This document describes the current implemented architecture of Sloppy as of March 2026. It is intentionally grounded in the repository structure and code paths that exist today, not only in product intent or long term roadmap notes.

Purpose

Sloppy is a local-first control plane for observable AI workflows. The system is designed to keep agent execution inspectable by turning work into typed runtime entities, persisted events, and operator-facing APIs instead of a single opaque prompt loop.

At a high level the project combines:

  • a Swift runtime and API server (Core)
  • an actor-based orchestration kernel (AgentRuntime)
  • shared wire and domain contracts (Protocols)
  • extension points for providers, tools, memory, and gateways (PluginSDK)
  • a minimal process daemon target (Node)
  • a React/Vite operator dashboard (Dashboard)

Design Goals

  • Keep agent behavior structured through explicit runtime entities: channel, branch, worker, compactor, visor, agent session.
  • Preserve observability through typed events, persisted artifacts, memory bulletins, and dashboard-friendly APIs.
  • Support local development with minimal infrastructure: one process, one SQLite database, one workspace directory.
  • Isolate responsibilities between transport, orchestration, persistence, and integration boundaries.
  • Make extension points explicit so model providers, tools, memory backends, and channel gateways can change independently.
  • Prefer Swift Concurrency and actor isolation over ad hoc shared mutable state.

Non-Goals

  • A fully distributed scheduler or multi-node execution fabric. The repository has early Node groundwork, but the main runtime is still single-core-process oriented.
  • A production desktop application. App is currently a placeholder target.
  • Autonomous tool freedom without policy. Tool execution is intentionally mediated by agent policy and guardrails.

System Context

mermaid
flowchart LR
    User["Operator or external user"]
    Dashboard["Dashboard (React/Vite)"]
    Telegram["Telegram or external gateway"]
    Core["Core executable"]
    Router["CoreRouter + CoreHTTPServer"]
    Service["CoreService"]
    Runtime["RuntimeSystem"]
    SQLite["SQLite persistence"]
    Files["Workspace files"]
    Models["Model providers"]
    Plugins["Gateway/tool/memory plugins"]
    Node["Node daemon (minimal)"]

    User --> Dashboard
    User --> Telegram
    Dashboard --> Router
    Telegram --> Router
    Router --> Service
    Service --> Runtime
    Service --> SQLite
    Service --> Files
    Service --> Models
    Service --> Plugins
    Service -. optional .-> Node

Architectural Principles

1. Explicit runtime model before autonomy

User input is first mapped onto runtime entities and state transitions. Routing is policy-driven and inspectable. The runtime decides whether to answer inline, spawn a branch, or spawn a worker before any deeper execution flow continues.

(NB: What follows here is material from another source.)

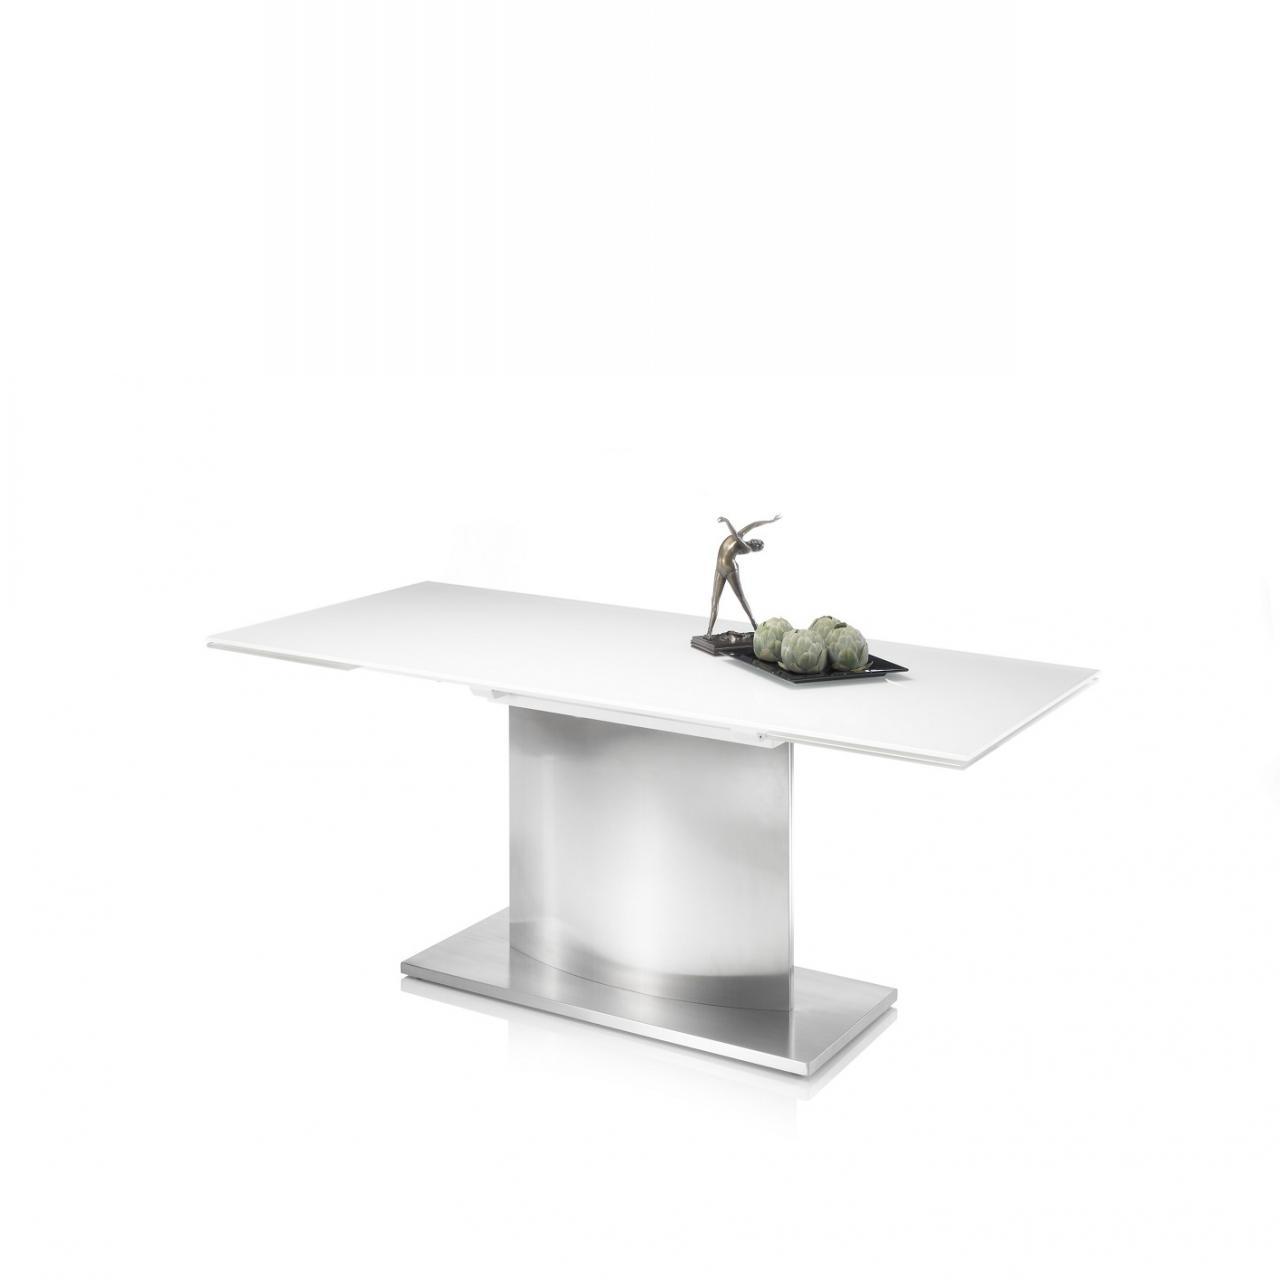 Esstisch Igor Super White Glas Edelstahl Ausziehbar Tisch

2. One control plane, multiple persistence forms

Sloppy deliberately uses both SQLite and filesystem storage:

  • SQLite stores canonical event, artifact, project, plugin, token, bulletin, and memory records.
  • workspace files store agent catalogs, session transcripts, skills manifests, system logs, and other operator-editable state.

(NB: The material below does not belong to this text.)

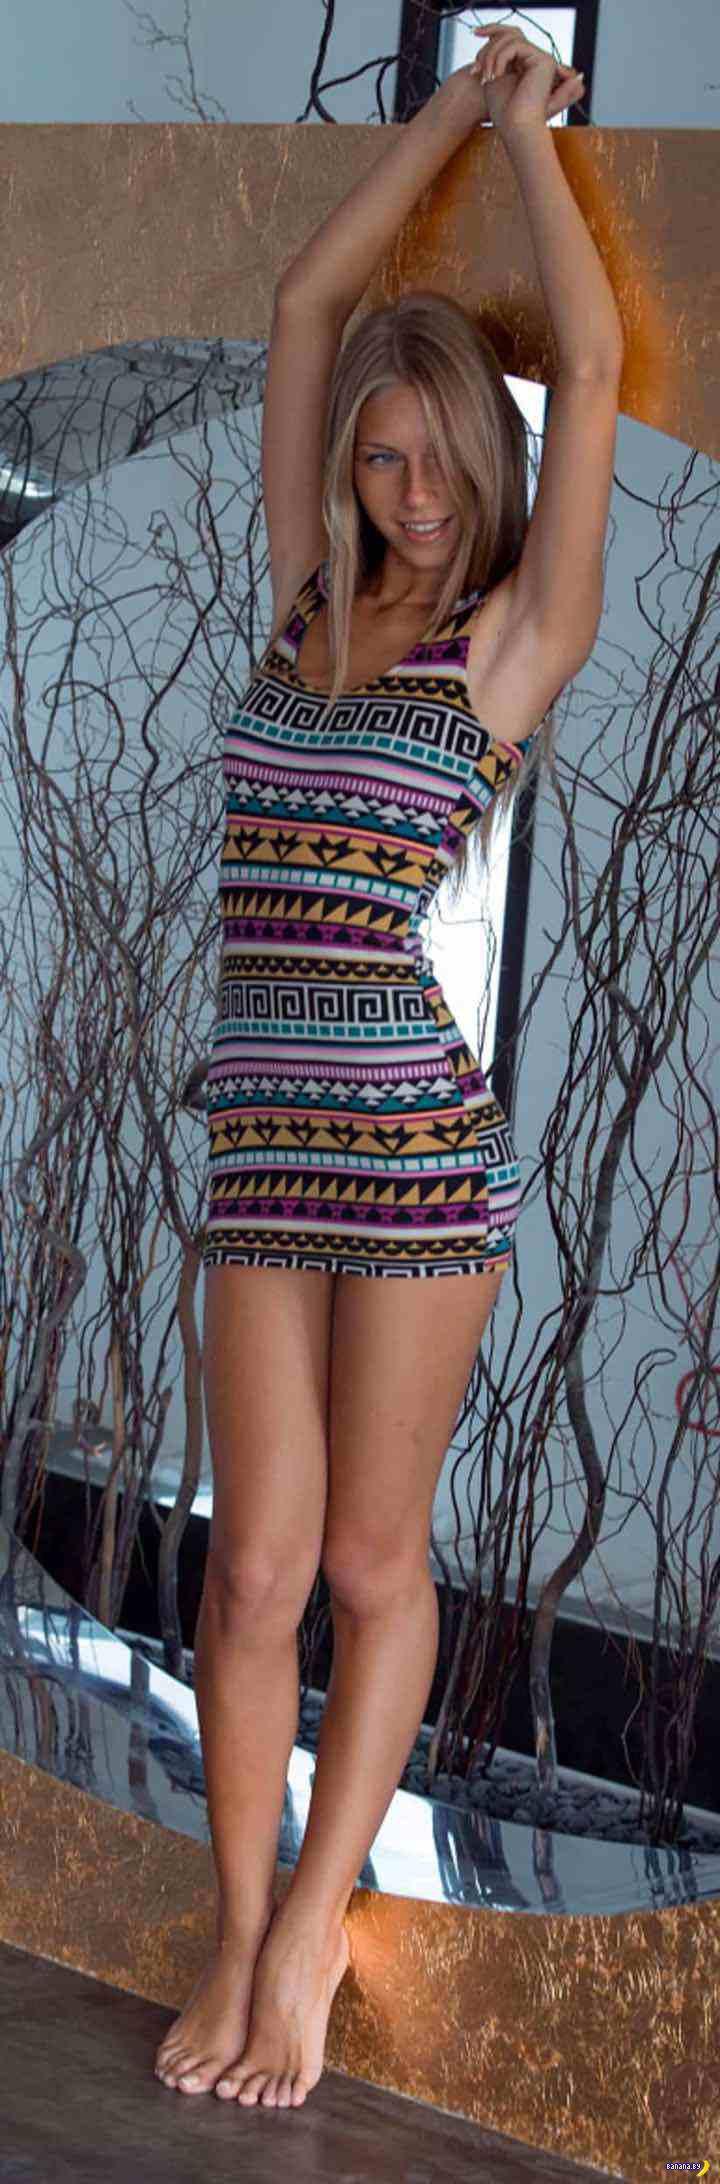 Вопросы к длине юбок и платьев!

This split keeps the event and query path fast while allowing editable file-backed configuration and agent state.

3. Actor isolation at the orchestration layer

The runtime kernel is composed of Swift actors (RuntimeSystem, ChannelRuntime, WorkerRuntime, BranchRuntime, Compactor, Visor, EventBus). This limits accidental shared-state coupling and matches the asynchronous nature of agent execution.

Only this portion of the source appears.